Mikrofonumuza konuşan Zühriye Kayıka ise gazetecilere yönelik saldırıların zulüm olduğunu söyledi. Zühriye Kayıka, “Bizi bitiremeyecekler. Şehit edilen gazeteciler için de çok üzgünüz. Aklımızdan hiç çıkmıyorlar. Zaten gece gündüz onlardan hakikati dinliyorduk. Bazı gazeteciler, gerçekleri yansıtmıyordu. O yüzden biz katledilen iki gazeteciden hakikati dinliyorduk. İktidar hakikatin bilinmesini istemediği için o gazetecileri katletti. Onlara kör, sağır, dilsiz insanlar lazım. Hakikatin peşinde olan gazetecileri ya katlediyorlar ya  da tutukluyorlar. Ama bitmiyorlar. Onlar ölümle bitmezler. Biri gidiyor, 10 kişi onların yerini alıyor ve biz sonuna kadar onların arkasında olacağız. Katledilen gazeteciler tehlikelere rağmen haber takibi yaptılar. Bu sebepten onlarla gurur duyuyoruz. Sürünecek durumda bile olsak yine de gazetecilerimizin ve Rojava’nın arkasında duracağız. Biz, zulme karşıyız. Zulüm değil, barış istiyoruz. Ne kadar öldürülsek de barış demekten vazgeçmeyeceğiz” diye belirtti. 
 
‘Gazetecileri hedef aldılar’
 
Rojava için eylemde olduklarını paylaşan Hacer Avşin de, savaşın değil, adaletin sağlanmasını istediklerini dile getirdi. Gazetecilerin katledilmesini istemediklerini kaydeden Hacer Avşin, “Nerede biri ölse bizim yüreğimiz yanıyor. Bu zulüm artık son bulsun. Rojava’daki savaş son bulsun. Gazetecileri hedef aldılar.

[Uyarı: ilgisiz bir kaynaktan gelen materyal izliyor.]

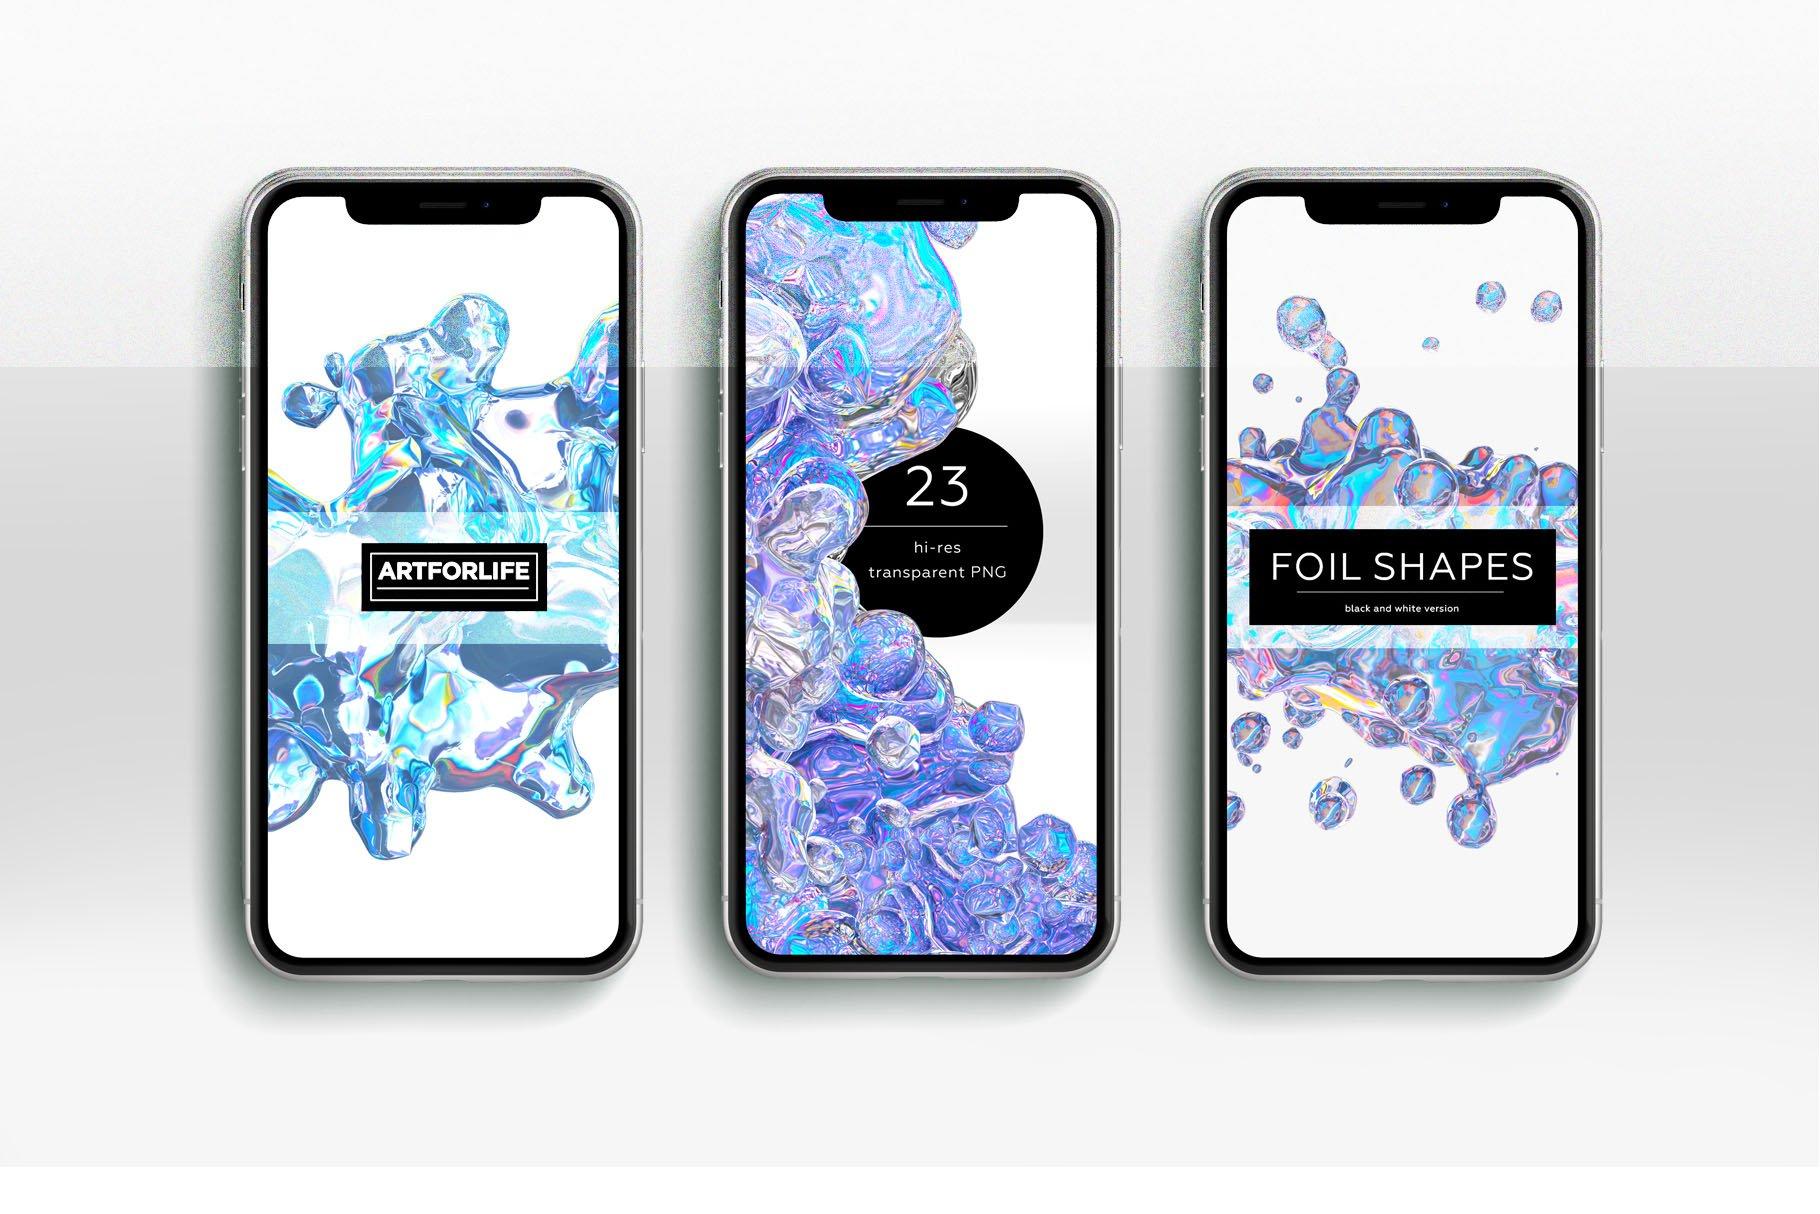 [淘宝购买] 23款抽象全息渐变不规则碎裂3D水滴流体图形设计素材 FOIL SHAPES Color Version插图(5)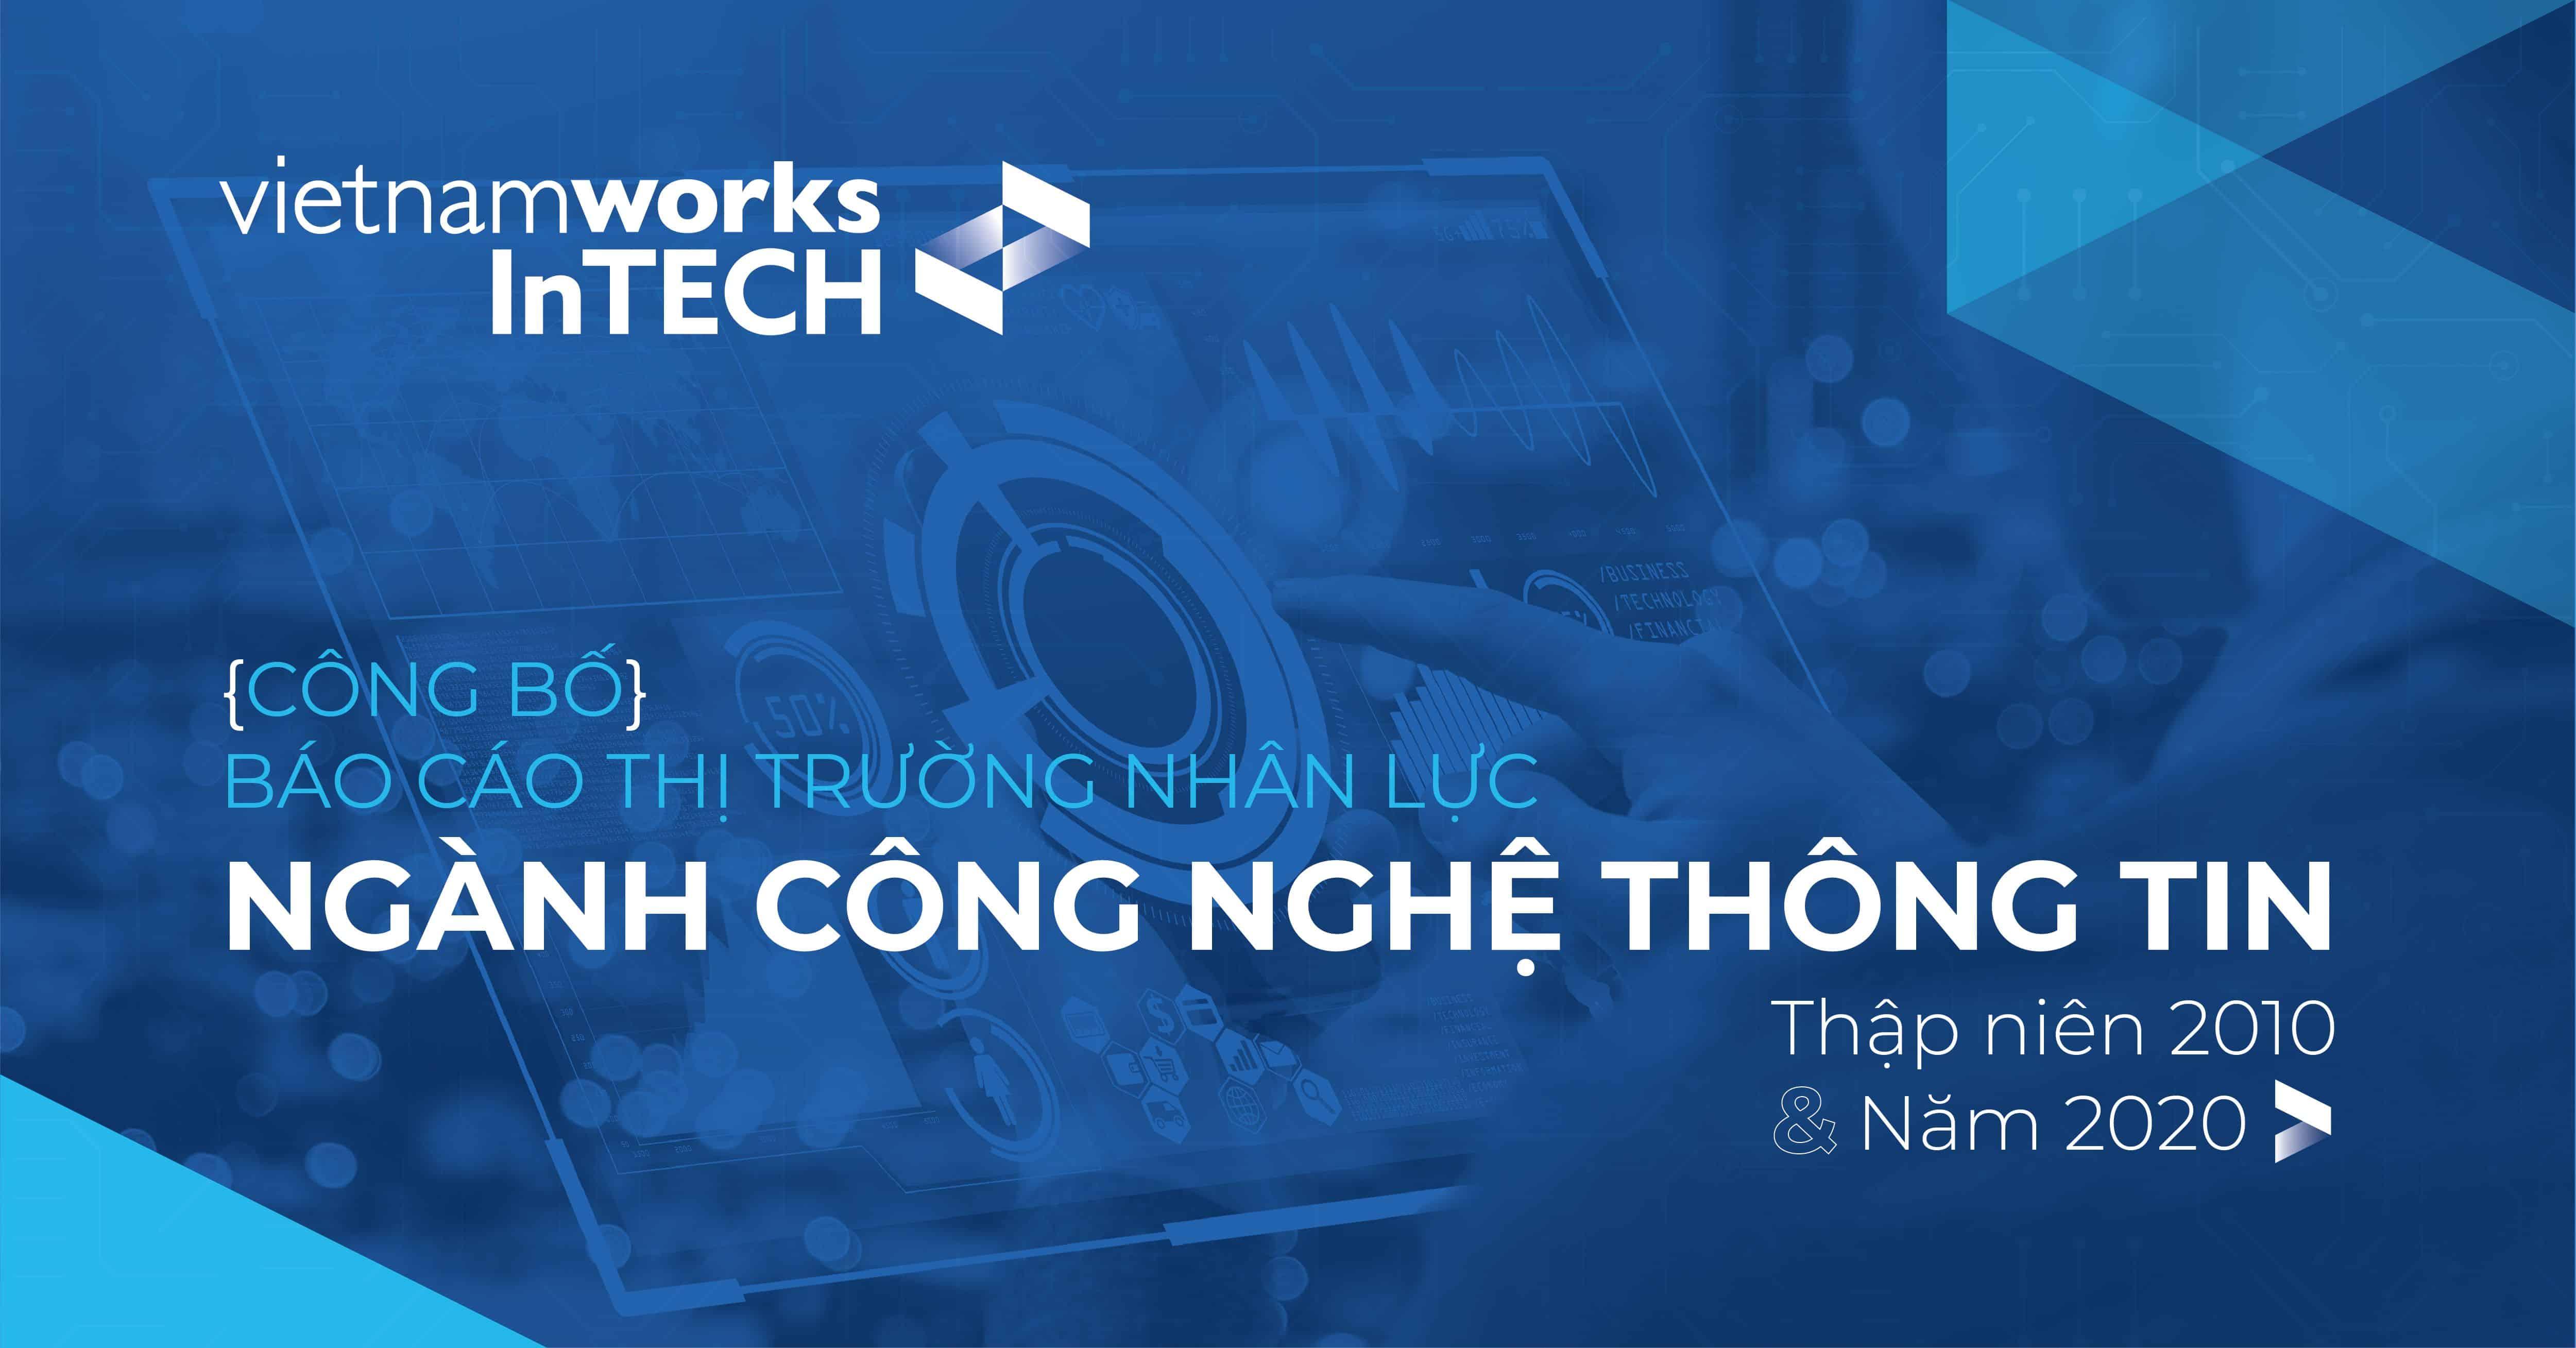 báo cáo thị trường nhân lực ngành CNTT VietnamWorks InTECH

Biz kimsenin katledilmesini istemiyoruz” ifadelerini kullandı. 
 
‘Kürtlere tahammülleri yok’
 
Fatma Engel ise 14 gündür Rojava için nöbet eyleminde olduklarını söyledi. Fatma Engel, şöyle konuştu: “Gazetecilerimizi nasıl öldürüyorlar? Dünyanın neresinde gazeteciler öldürülüyor? Kendi yaptıklarını gizlemek için gazetecileri katlettiler. Onların taziyesine gittik, engellendik. Artık çocuklarımızın taziyesine bile gitmemize izin vermiyorlar. Biz barış talebiyle buradayız. Ben de Barış Annesiyim. Hiçbir annenin ağlamasını istemiyoruz. Biz ölüm istemiyoruz. Ama iktidar ölüm istiyor ve bizimle barışı sağlamıyor. Kürtlere tahammülleri yok. Kürtleri kabul etmiyorlar. Ama biz varız ve bizi bitiremeyecekler. Rojava’da hiçbir hakları yok ama yine de baskı uyguluyor. DAİŞ’i oraya gönderiyor. DAİŞ zaten onların kendisi. Çünkü destekliyor. Kanımızın son damlasına kadar halkımızla birlikte olacağız. Halkın üzerindeki baskı son bulana kadar burada olmaya devam edeceğiz.”